Logic, these days, has been replaced in schools with a mind-control apparatus that involves the following:

EVERY POINT OF VIEW IS EQUAL.

EVERYBODY HAS TO CONTRIBUTE TO THE WHOLE.

TRUE CRITICAL THINKING, WHICH IS THE EXCLUSIVE TERRITORY OF THE INDIVIDUAL, LEAVES PEOPLE OUT OF THE GROUP AND IS THEREFORE PREJUDICIAL.

If you favor this new formulation and think it’s useful, I have condos on Jupiter for sale.

The point of modern education, more and more, is the GROUP.

“Good people belong to the group.”

“The Group is everything.”

“If you don’t belong to the Group, you have a mental disorder.”

Why is all this emphasis put on the Group?

The answer to that question also gives you the reason logic isn’t taught in schools anymore:

The independent self-sufficient individual is being phased out.

The independent individual who knows how to think and make lucid judgments on his own is a threat to the EMERGING RELIGION OF GLOBALISM.

The emerging religion of Globalism is a fuzzy image of THE GROUP.

The hive.

The colony.

The nest.

The planet.

Some people think education has been hijacked for the purpose of training children to become robotic workers for the State. That’s partly true, but education is also the proving ground for the religion of the Group.

This religion doesn’t need or want logic. Logic would be disruptive. It would differentiate one student from another. It would reveal there are ways to analyze information that actually come to valid conclusions. Logic isn’t fuzzy. It doesn’t promote the all-inclusive hive.

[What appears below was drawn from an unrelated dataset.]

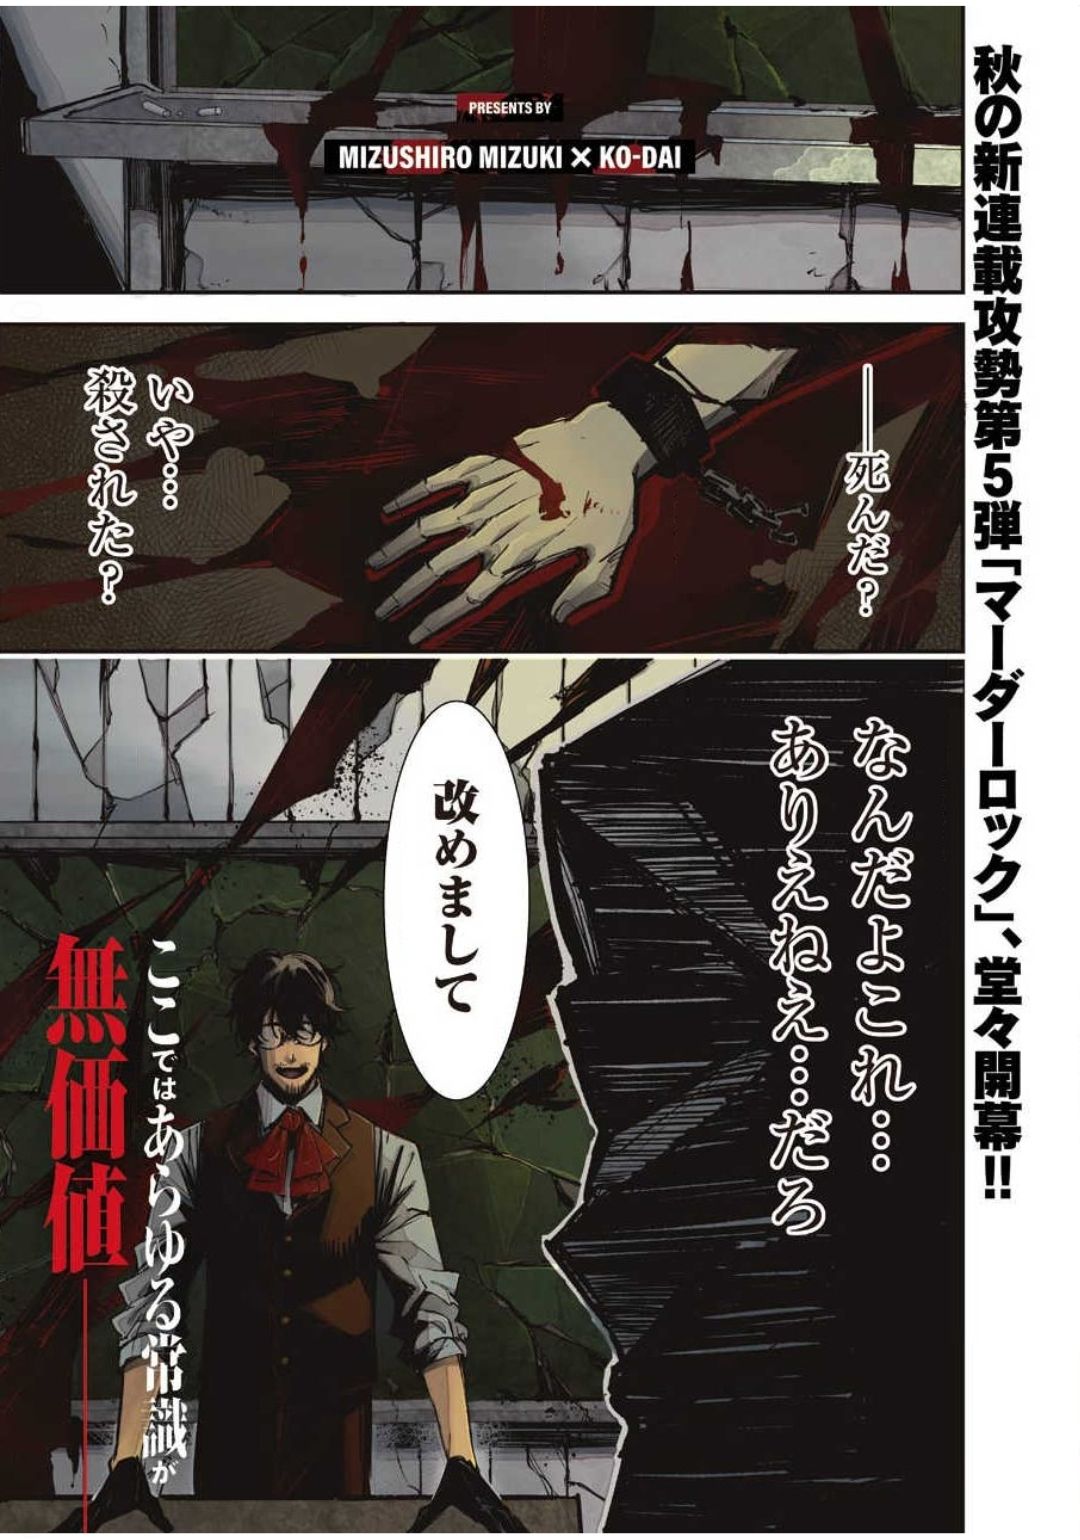 マーダーロック-殺人鬼の凶室-; Mādārokku – satsujinki no kyō-shitsu -; Murder Rock-The Murderer’s Chamber- 第1話 - Page 1

A year ago, I spoke to a teacher who was introducing his class to logic. He told me, “These are very bright kids. They’re all going to college. They said they couldn’t learn logic. They couldn’t do it. They had some kind of mental block.”

As we talked further, it became obvious that the mental block was an idea of THE GROUP. These kids had already been indoctrinated into “cooperative thought.” They instinctively realized that, if they studied logic, the Group would break apart. Each student would have to stand on his own, and that prospect was frightening.

In the religion of the Group, one of the key concepts is “the sustainability of the planet,” a catchphrase which is the leading edge of a vast movement to decide how the individual, as a UNIT, an energy-consuming UNIT, will be regulated in the overall scheme of things.

The individual’s life will be ruled by decisions of the “wise ones,” who understand how to distribute all the available resources of the planet.

I’ve actually had students tell me, in their fumbling way, that they have an obligation to think like everyone else. Or if they’re rebels, they have a duty to rebel like other rebels.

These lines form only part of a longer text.